Я не совсем понял пример с женой

Да, потому что я не закончил пример. Мы всегда считаем, что если есть что-то не складывающееся между мной и возлюбленной, то это из-за недоразумения: она что-то не поняла, была в плохом настроении или все дело в дурных слухах… И тогда, если я действительно найду хорошие слова, то все исправится и мы заживем! Но почему мы так думаем? Это не всегда так. Есть, наверное, какие-то законы психологии, которые это объясняют.

Я попытался объяснить на примере с женщиной, с любовью. А какие были в Советском Союзе отношения с властью, которая неизменно таинственна и загадочна, которая всегда готова ложно обвинять, без реальной вины, и мы всегда считали себя невиновными, и мы всю жизнь всем надоедали, твердя: «Ну я-то невиновен, слушайте, дайте мне другую возможность, другое место, пусть все слова, какими я обладаю, будут собраны в надлежащий момент, и я найду слова, которые докажут вам, что я невиновен, что я честный коммунист и т. д. и т. п.» Вы видите, что утверждение, которое казалось очень простым в заурядном примере с любовью, с отношениями с женщиной, и в другой реальности, а именно политической, для анализа которой мы всегда прибегаем к очень сложным и очень серьезным понятиям… Ведь это одно и то же, это те же Дантовы гонцы, которые всякий раз невиновны. И все-таки надо порвать узы, которые тебя к кому-то привязывают, к какой-то всеведущей точке, перед которой ты должен оправдаться, исправить недоразумение. Советская история кишит недоразумениями? Но недоразумениями в кавычках. Вместо того, чтобы перевернуть это и принять как реальность, где есть законы, мы бежим в безумной гонке надежды. И как раз в этом смысле я употребляю слово «надежда», и именно в этом смысле я восстаю против такой человеческой ценности, которую называю «надежда». Итак: надежда, лень и страх.

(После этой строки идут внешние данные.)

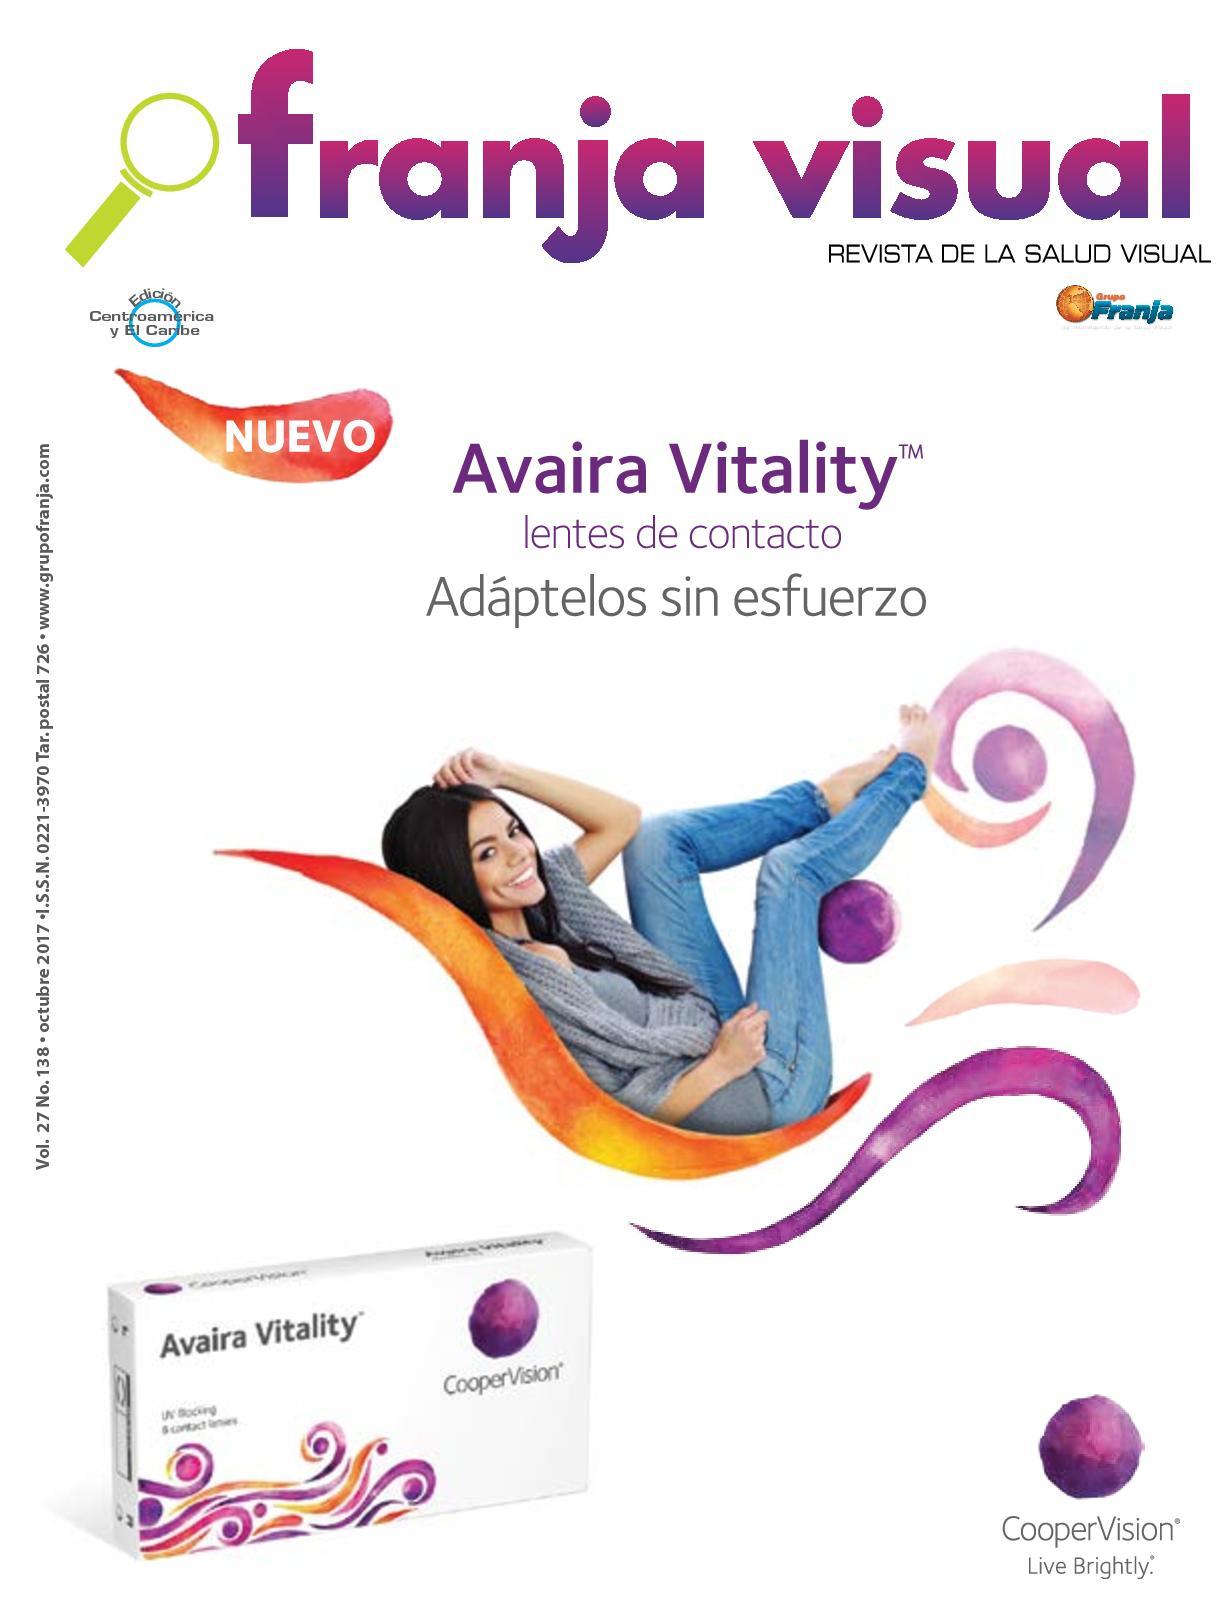 00a4877a4e Calaméo - Franja Visual No. 138 Centroamérica

Чем живут сегодня люди, живущие по ту сторону того, что сегодня уже не называют железным занавесом – страны Востока? Где сегодня граждане Советского Союза – грузины, прибалтийцы, армяне, русские по отношению к боязни, к страху и к лени?

Они пробуждаются. Что может очень даже не состояться, если они не найдут в себе внутреннюю силу, чтобы блокировать в себе механизмы страха, лени, надежды и упования которые действуют теперь. Это чистый случай, когда мы хорошо видим, о чем идет речь, так как сегодня внешние, тоталитарные цепи пали, или нейтрализованы, или парализованы, или блокированы, теперь дело за человеком. Я повторю слова Монтеня, который перефразировал латинскую поговорку et eripitur persona manet res [2] , сказав, что перед лицом смерти мы должны говорить просто, мы должны показать, что есть хорошего «на дне горшка» [3]

В этот привилегированный момент, в этот момент истины, то, во что ты реально вкладываешься – это действительно говорит само за себя. Таким образом это теперь говорит, и мы констатируем, что люди, для которых наступил тот самый момент, забыли, как пользоваться конечностями, если мы применим метафору физических конечностей для храбрости, для разума и пр. Они разучились, это вышло из строя, не имея мускулов, а мысль должна их иметь (в смысле – имеет потребность), общественная жизнь должна их иметь, – мускулы, культуру общественной жизни.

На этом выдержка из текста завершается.